Allgemeine Ratschläge für alle Phasen

Vermutlich werden Sie diese Seiten erst lesen, nachdem Sie schon einige Gespräche und Auseinandersetzungen mit Ihrem Angehörigen hatten. Beim Lesen werden Sie dabei sicher auf Dinge stoßen, wo Sie das Gefühl haben, da bereits „falsch gehandelt“ zu haben. Das ist verständlich und passiert so gut wie allen. Es gibt im Falle einer Sektenabhängigkeit ganz allgemein und der Holic-Gruppe im besonderen einige Dinge, die man anders machen sollte als in einer normalen Beziehung und Kommunikation. Das konnten Sie damals nicht wissen. Sie haben sich Ihrem Angehörigen gegenüber ganz normal verhalten, ohne um die Besonderheiten des Sektenbezugs zu wissen. Das ist kein Grund, sich Vorwürfe zu machen. Die Informationen dieser Seiten können Ihnen aber für die Zukunft helfen.

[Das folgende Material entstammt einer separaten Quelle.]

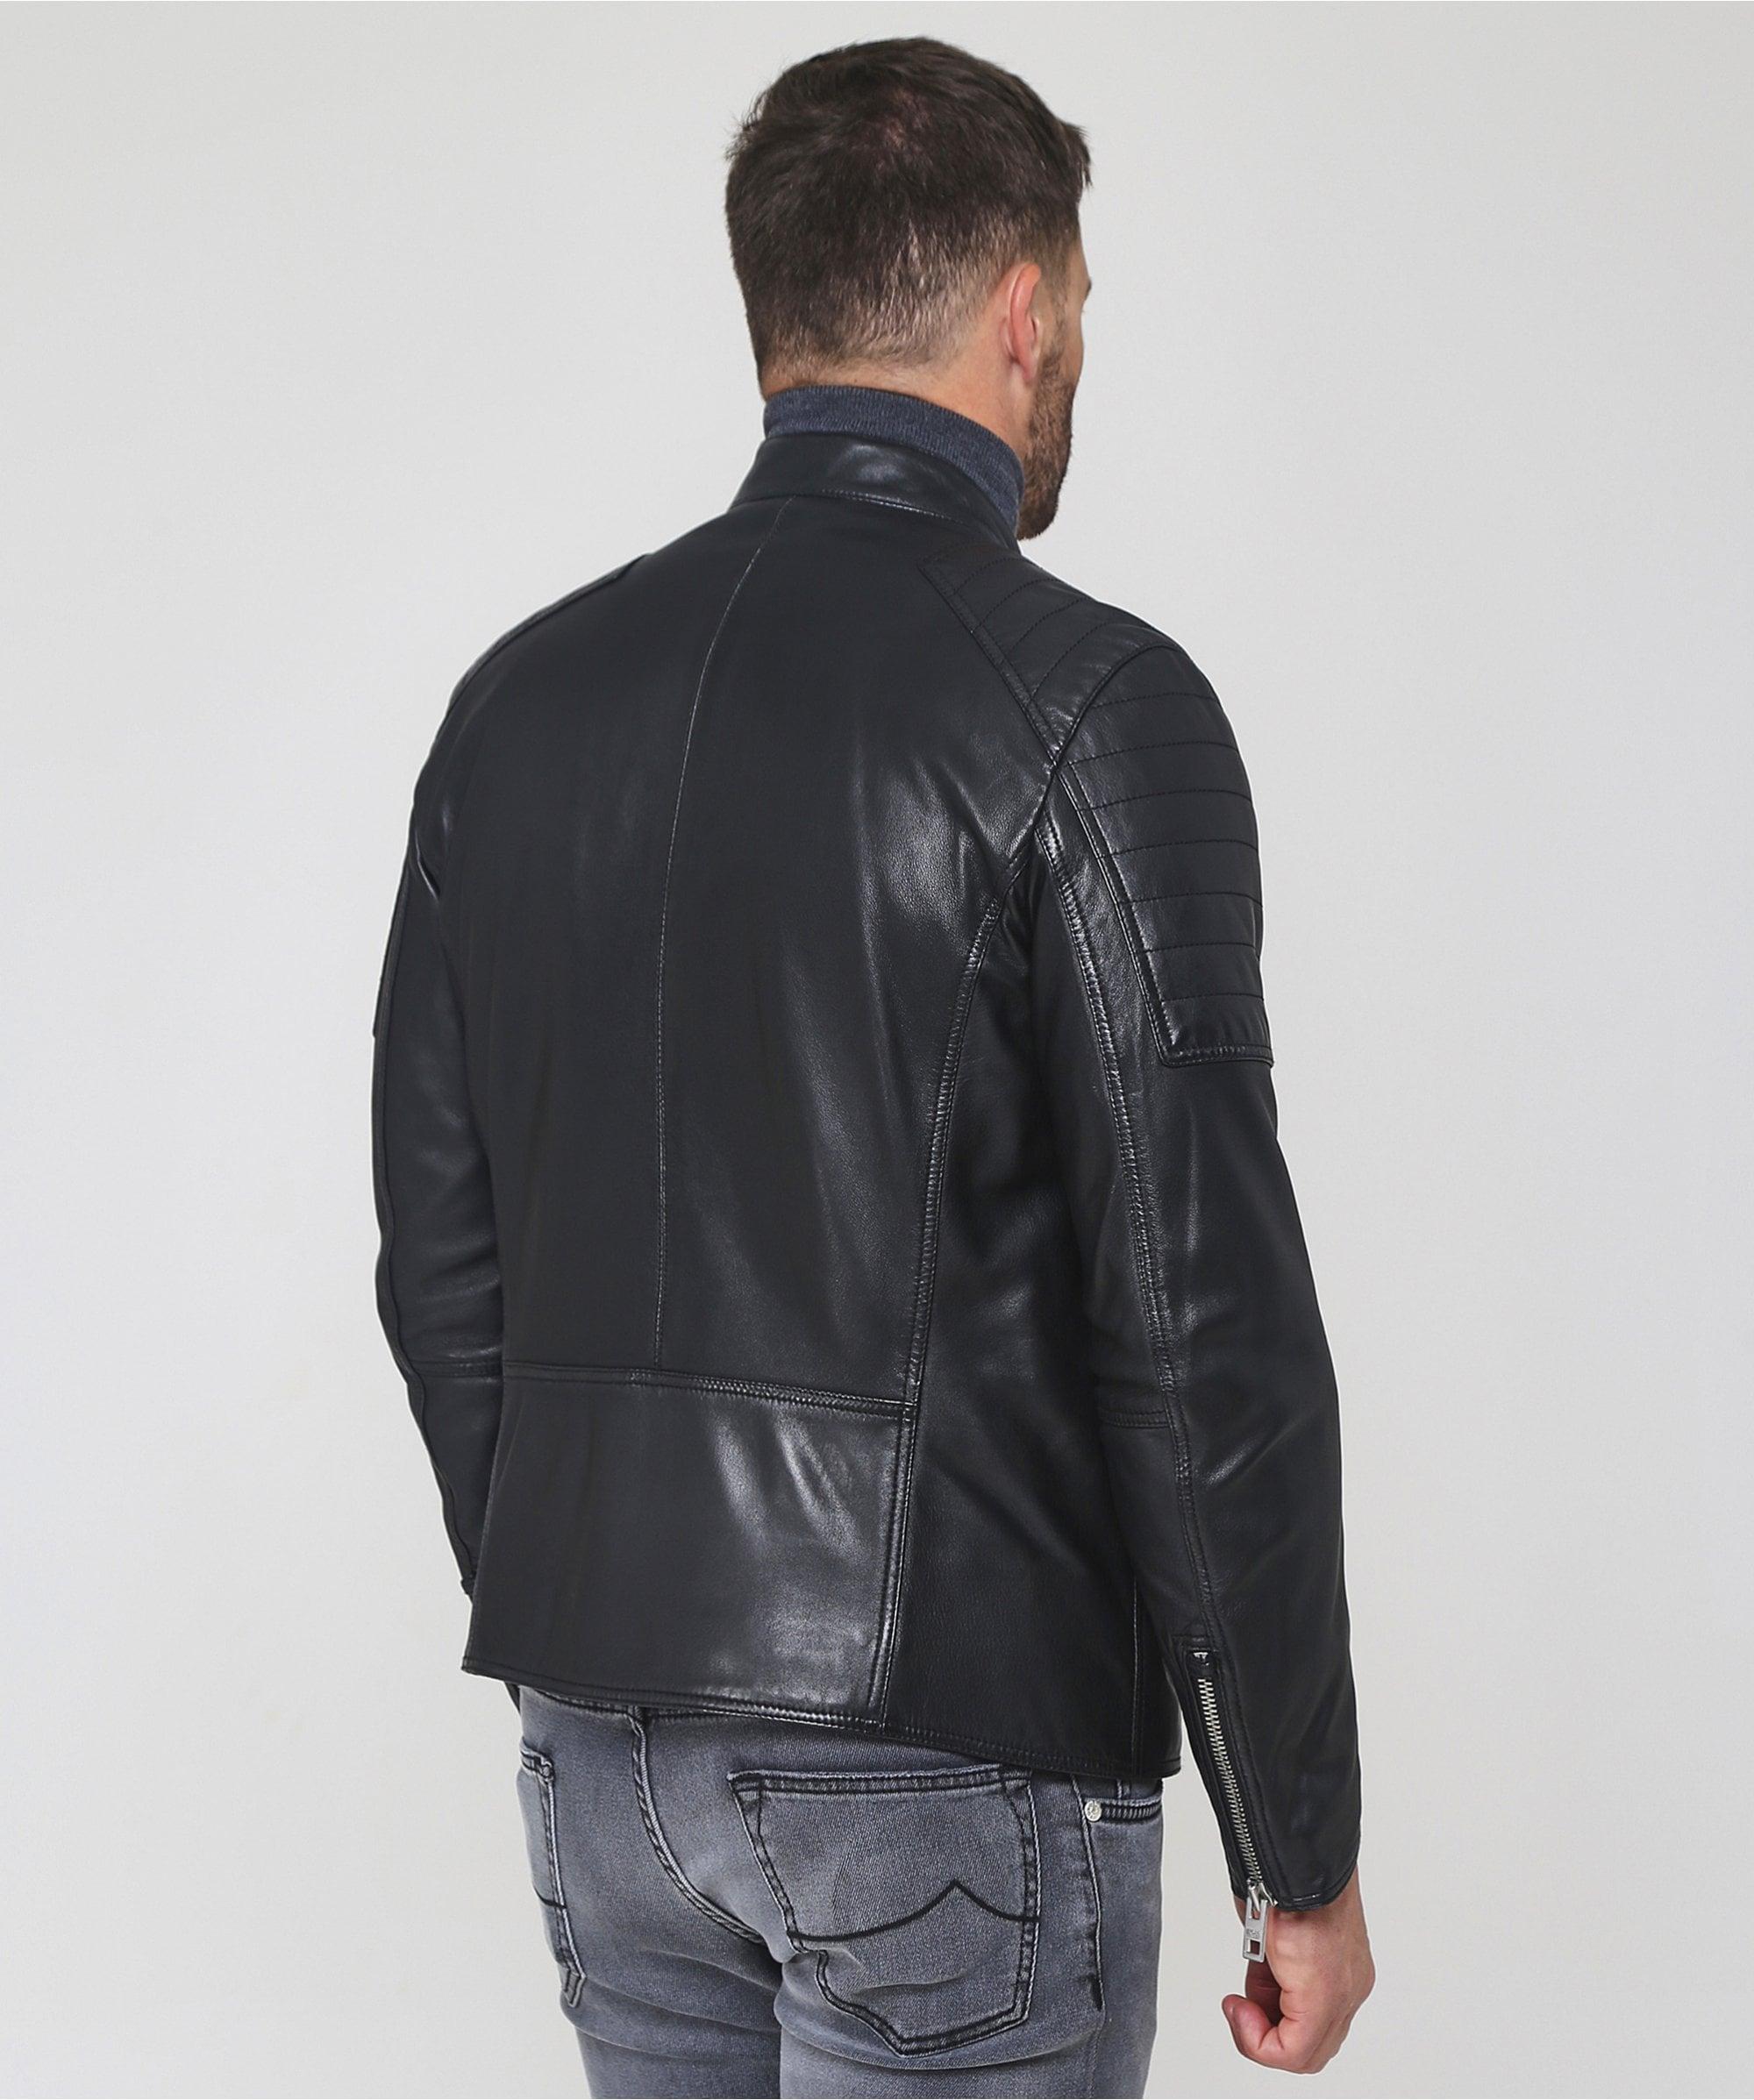 BOSS by Hugo Boss Waxed Leather Jaysee Biker Jacket in Black for Men - Lyst

In allen Phasen hat es sich als hilfreich erwiesen, dem Betroffenen die Möglichkeit zu geben, selbst in Ruhe über alles nachzudenken. Das wird in der Regel nur möglich sein, wenn er eine Weile - und sei es nur ein Wochenende - nicht in der Gruppe ist, in der er sonst jeden Tag mit der Gruppenideologie bearbeitet wird. In der Gruppe hat er keine Gelegenheit, die Dinge einmal mit einem gewissen Abstand von außen zu betrachten und zu bewerten. Die Gruppe versucht diese räumliche Distanz aber bewusst zu verhindern und kümmert sich sehr intensiv um einen Neugeworbenen, so dass er möglichst wenig allein und getrennt von der Gruppe ist. Auch wenn diese Methode aus Sicht der Gruppe recht erfolgreich ist, so sollten sich doch Eltern und Freunde hüten, sie mit umgekehrtem Vorzeichen nachzuahmen. Der Betroffene sollte vielmehr spüren, dass er sich selbst entscheiden kann und nicht wieder von jemand anderem gedrängt und beeinflusst wird. Gerade wenn jemand dabei ist, die Methode der Gruppe zu durchschauen und ihm erste Zweifel kommen, ist er sehr hellhörig für jede Art von Manipulation, die ihn nur wieder vereinnahmen will. Praktisch bedeutet dies, nicht ständig auf den Betroffenen einzureden, wenn er das nicht will, und ihn auch allein zu lassen, damit er sich besinnen und die Dinge bedenken und prüfen kann. De facto ist das aber in der zweiten Phase (Faszination) kaum möglich. Der neue Holic-Anhänger möchte dann nicht mehr getrennt von seiner Gruppe sein. Selbst zu einem abschließenden Gespräch mit den Eltern reist er in der Regel gemeinsam mit mehreren anderen Anhängern an.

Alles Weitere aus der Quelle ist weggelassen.